# Why can't I play Bespelled?



## redzinzky (Apr 15, 2003)

I recently found the new Bespelled game on MSN gaming zone while at my boyfriends house. I have also played at work during breaks. I really like the game, problem is for some reason I cannot get it to load on my computer at home. I have noticed other people having similar problems, how do you fix it??? The game goes to the loading screen and then never loads.
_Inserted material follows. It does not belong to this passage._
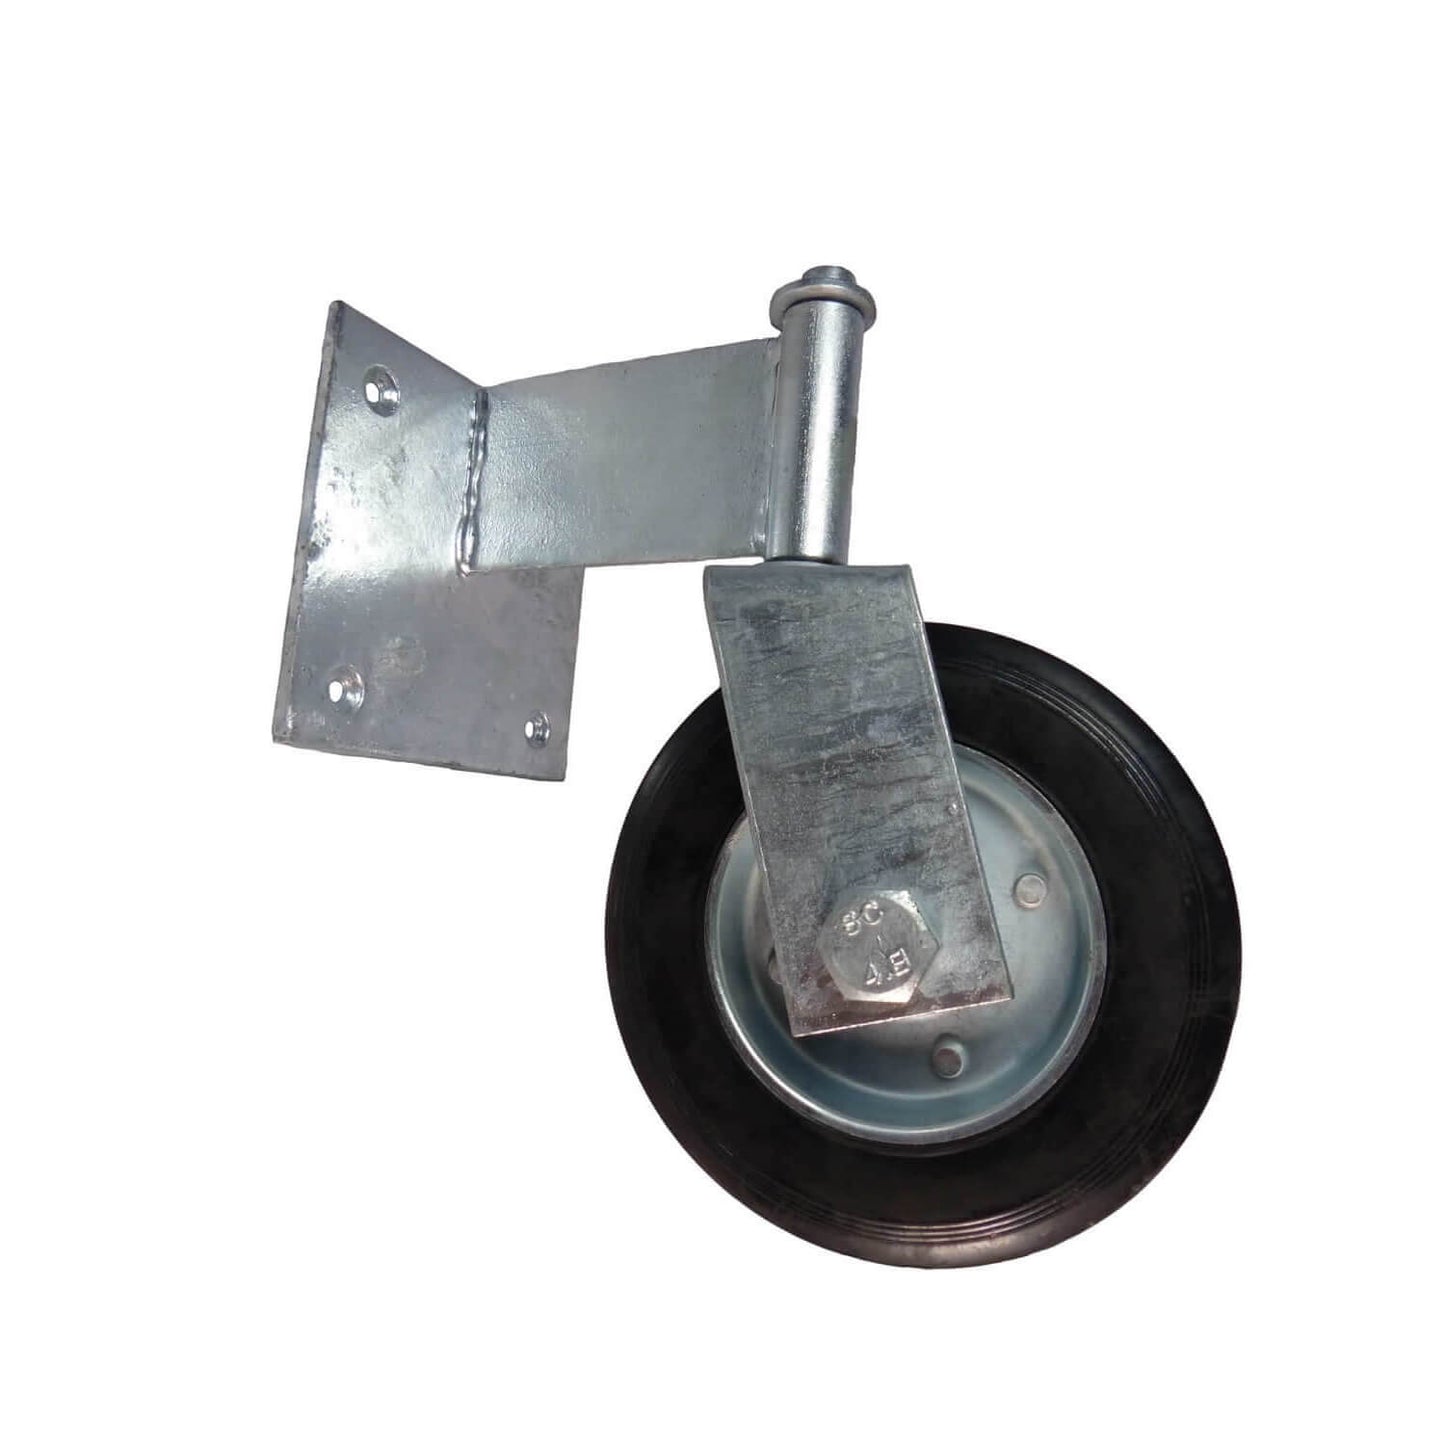 Swivel Wheel for Swinging Wood Gate. Galvanized Steel guards against rusting. Product is easy to install

HELP!!!!


----------



## TruSake (Apr 16, 2003)

The game uses ActiveX, it might be preventing you to play it
try this for size
On the web page go to Tools > Internet Tools > Security (tab)
make sure Internet is highlighted and press Custom Level
The One that says "Initialized and script ActiveX controls not marked as safe"
says Enable
that should enable ActiveX

If not then update Microsoft Virtual Machine (VM) at
http://windowsupdate.microsoft.com/
from there look for the latest VM and install it in

Try it


----------



## Eseous (Apr 20, 2003)

I dont have a warranty anymore but my PS2 is 30001 which is a very old version of it.... Obviously. I was wondering i have opened my PS2 to fix the lens and I am a big gameshark fan.......... Can i still send it in to get it fixed??? For free? Besides Shipping and handling


----------



## jjoanie11 (Jun 8, 2003)

Just go to Yahoo games. They have the same game only the name of it is Bookworm. I had the same problem with Bespelled, and I tried all the computer tweaking. Usually, if a game doesn't load or work on MSN, it will be on Yahoo, and it will work.

Good luck,
joanie


----------



## seidnerm (Feb 11, 2004)

I can run almost any other online game in MSN's Zone but not BESPELLED. After checking different support pages, I found out that you cannot play this game online if you are using SUN JAVA! You must be using MS Java to run this game.


----------